_EXERCISE DETAILS_
Every line below needs to be printed again exactly, without any of its pictures.

_AVAILABLE DATA_
###

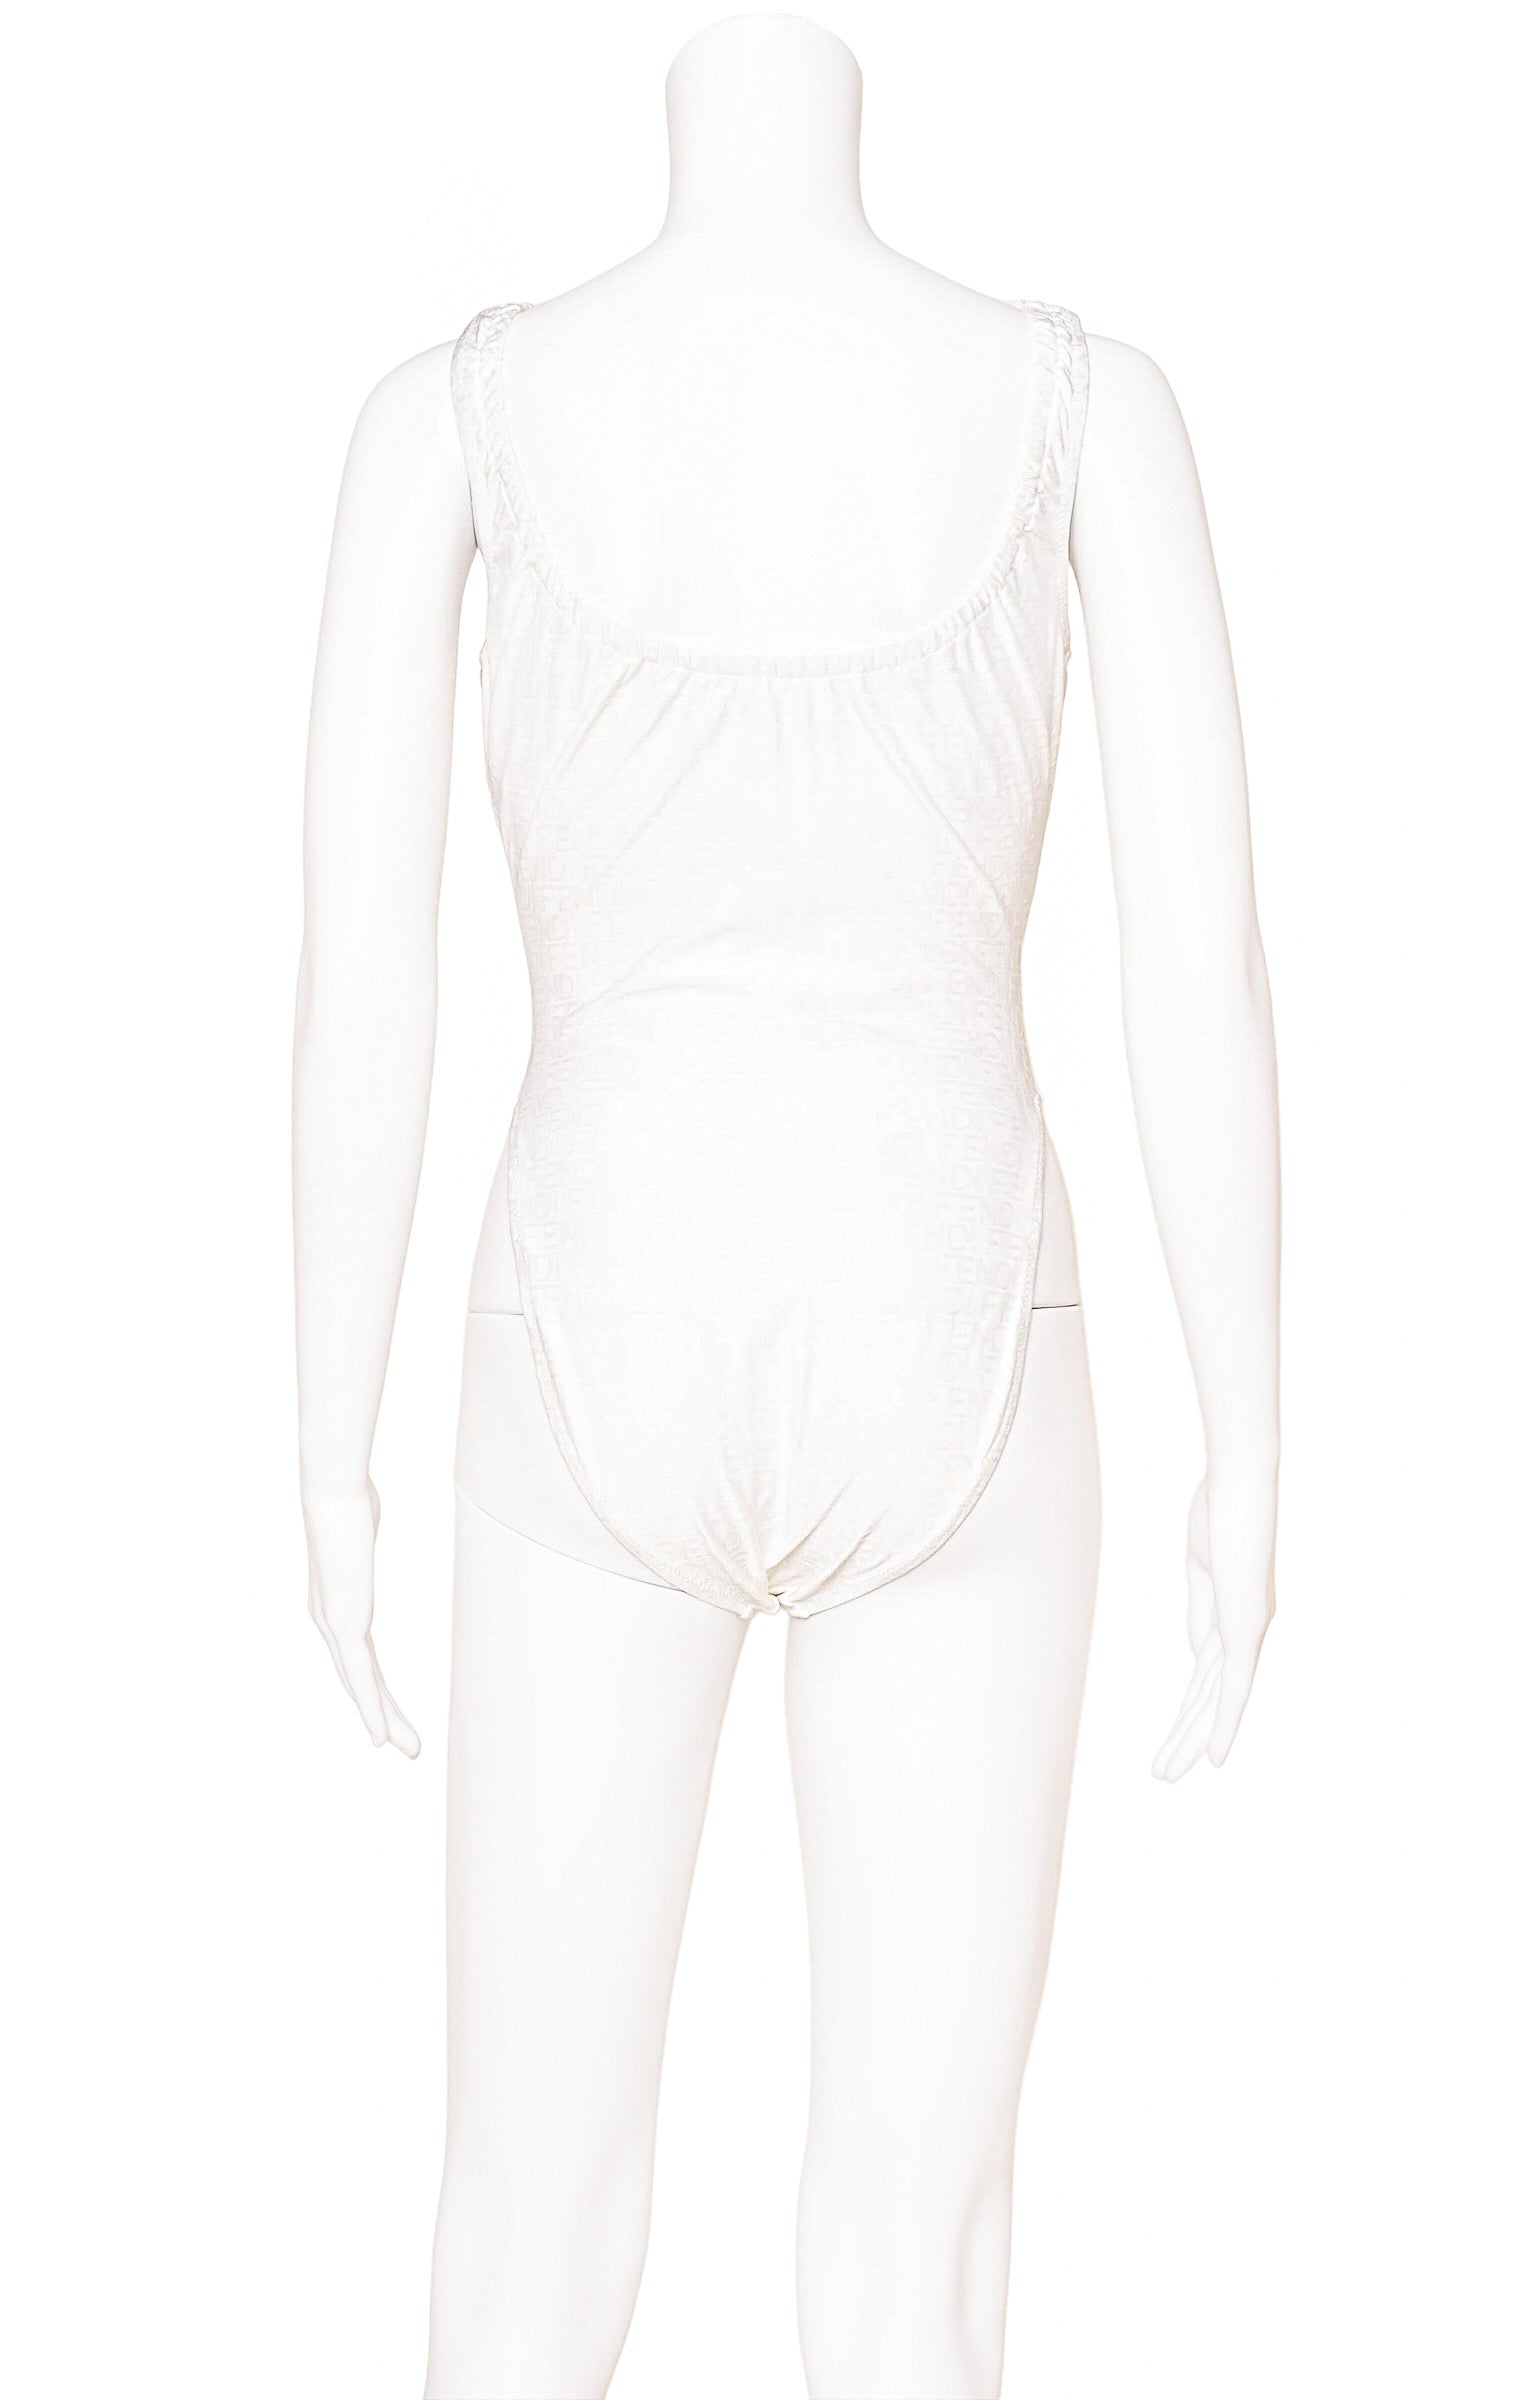 VINTAGE FENDI (RARE) Bodysuit / Swimsuit Size: IT 44 / Comparable to US 6
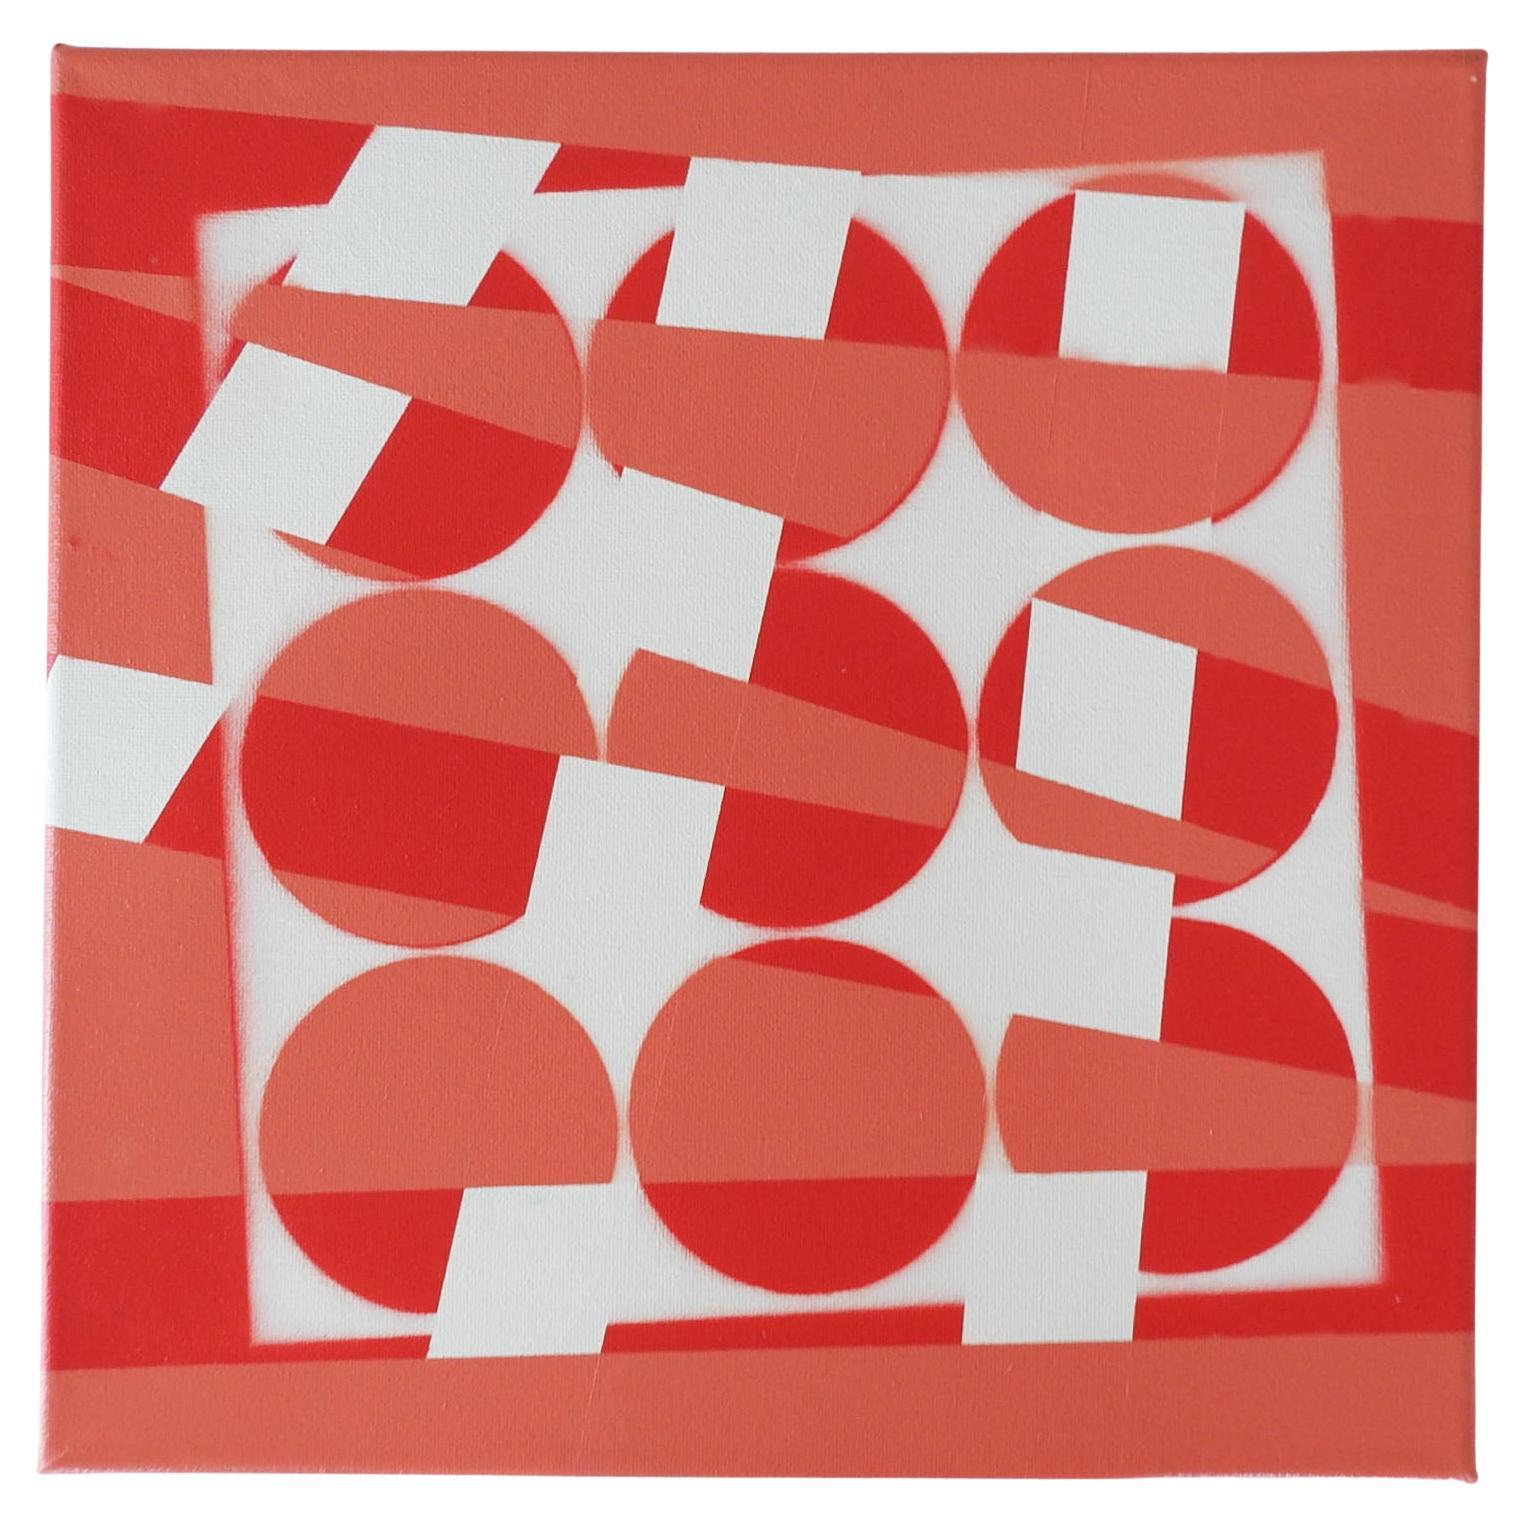 Zeitgenössisches abstraktes Farbblock-Gemälde in Rot-Weiß
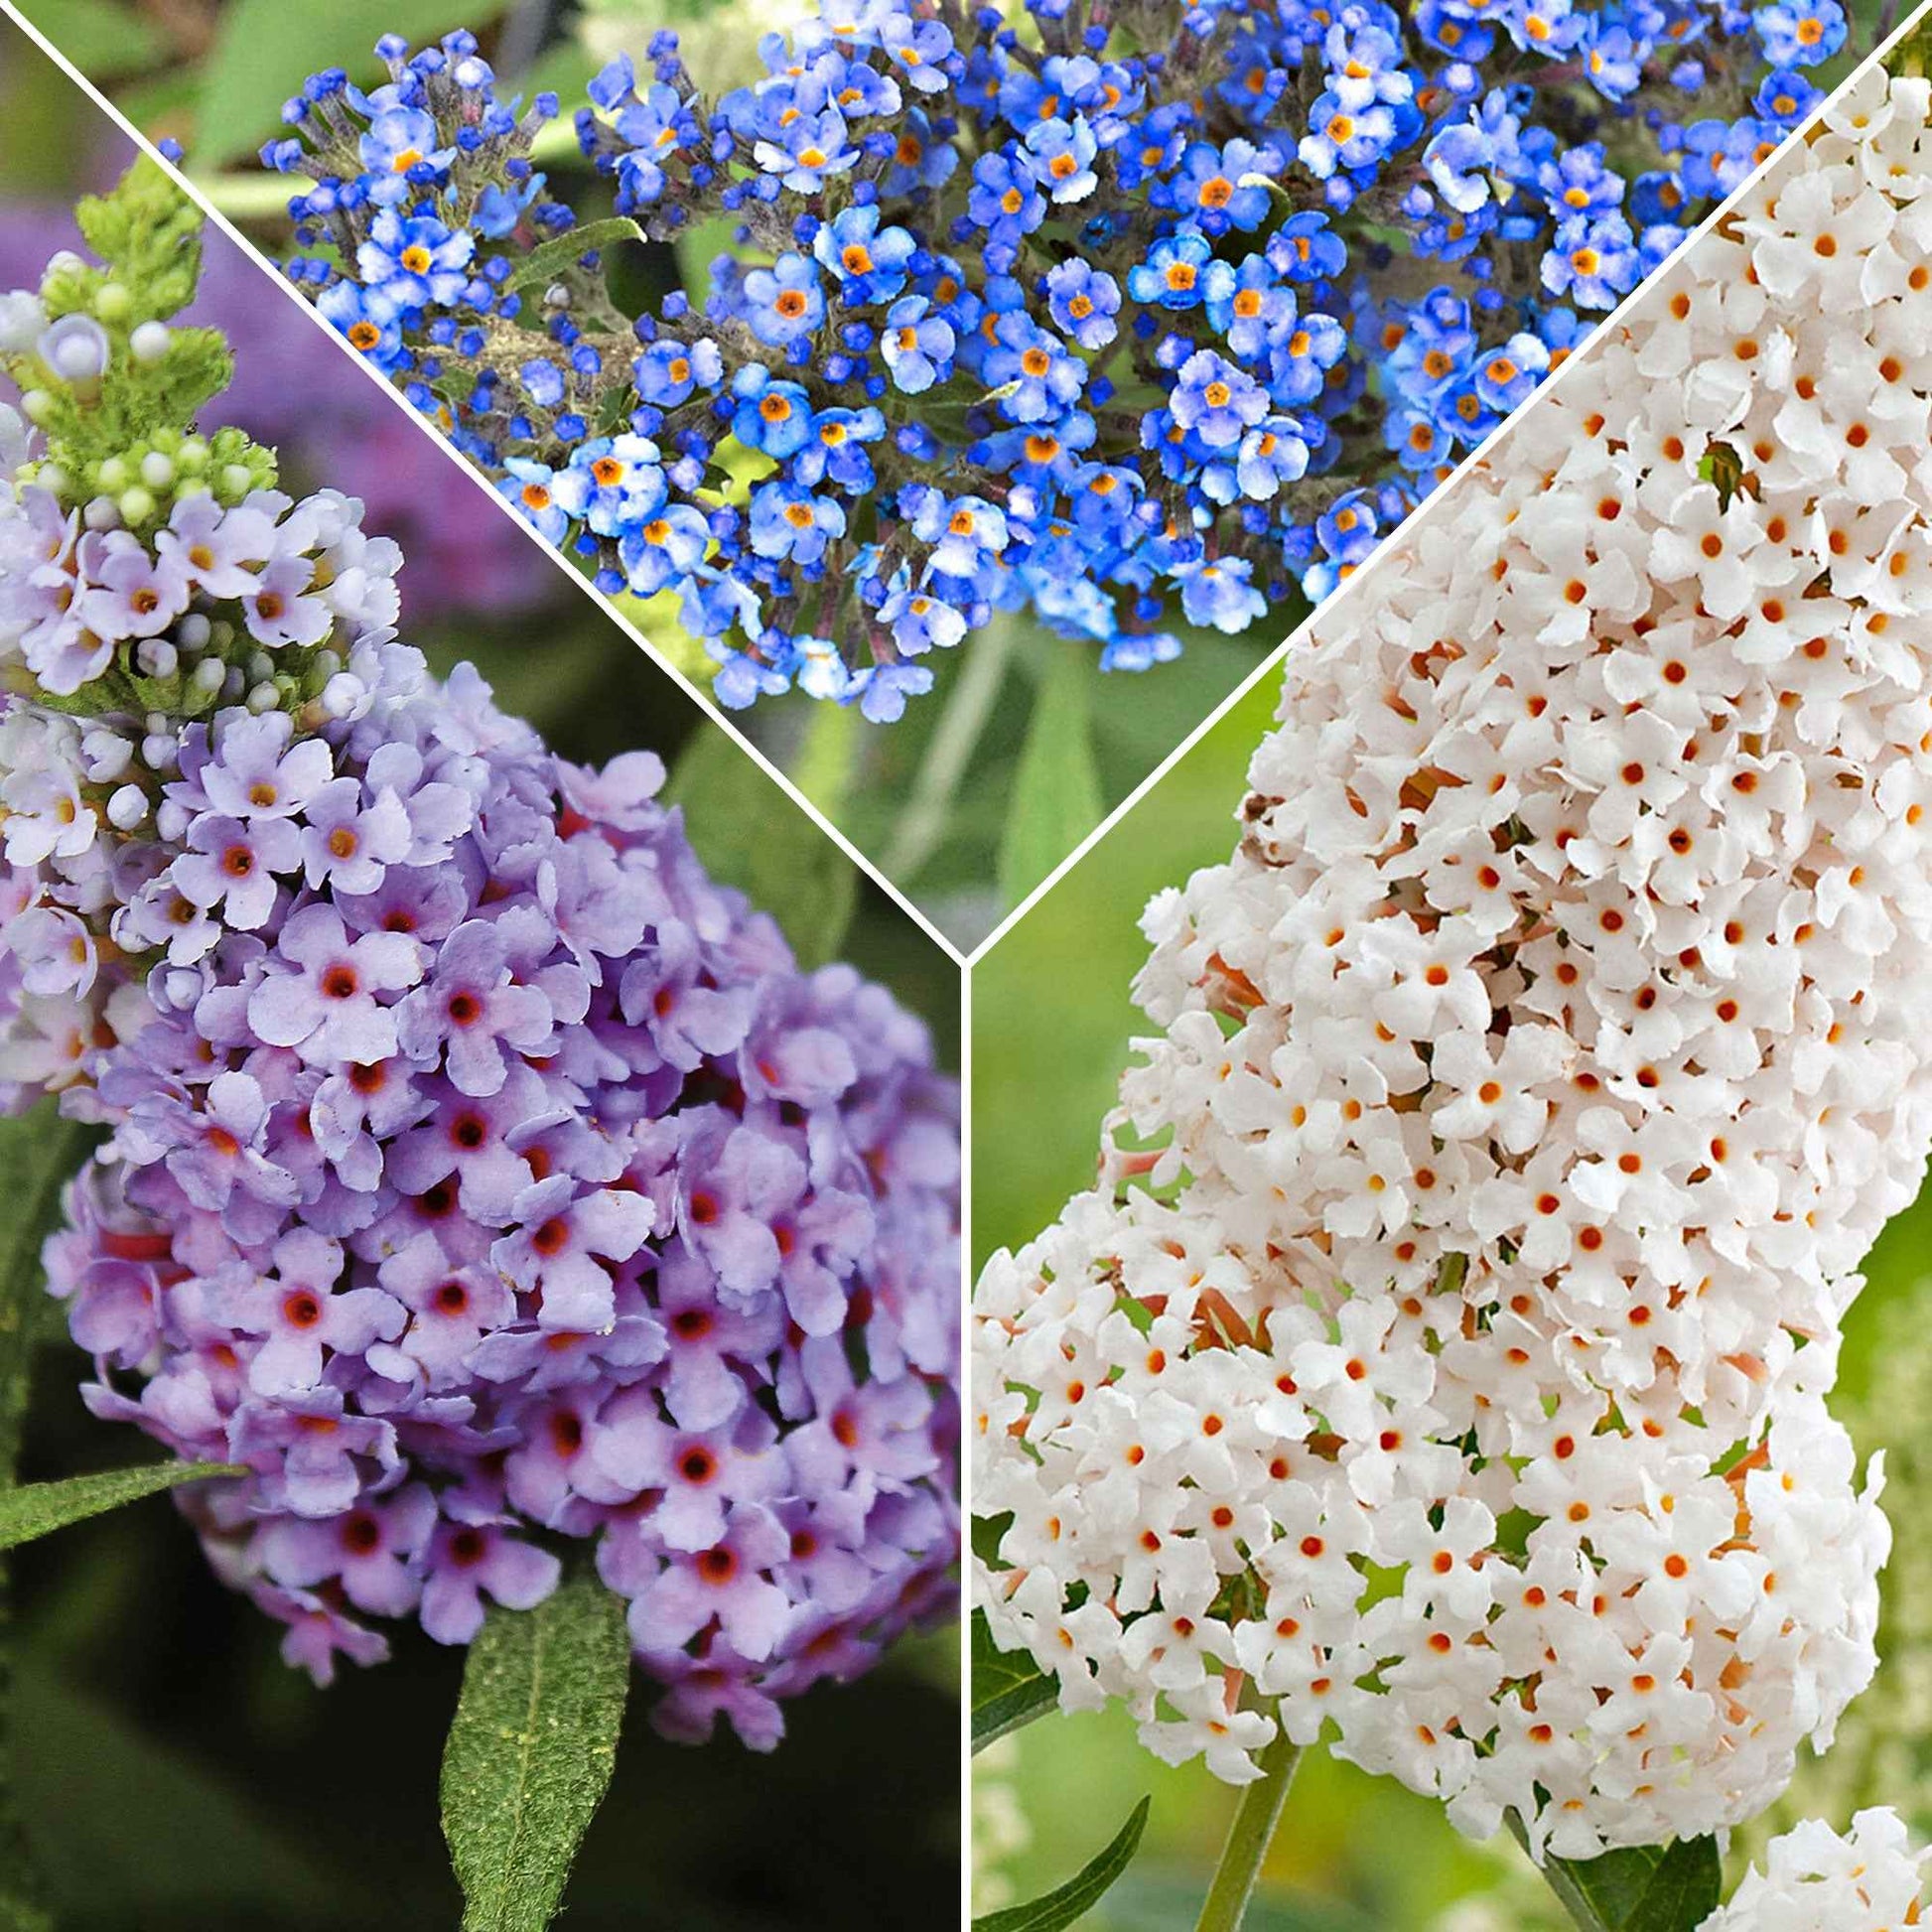 3x Schmetterlingsflieder Buddleja 'Lilac Turtle' + 'White Swan' + 'Blue Sarah' blau-lila-weiβ 'Tricolor' - Winterhart - Pflanzeneigenschaften

###

_SOLUTION BELOW_
 VINTAGE FENDI (RARE) Bodysuit / Swimsuit Size: IT 44 / Comparable to US 6
 Zeitgenössisches abstraktes Farbblock-Gemälde in Rot-Weiß
 3x Schmetterlingsflieder Buddleja 'Lilac Turtle' + 'White Swan' + 'Blue Sarah' blau-lila-weiβ 'Tricolor' - Winterhart - Pflanzeneigenschaften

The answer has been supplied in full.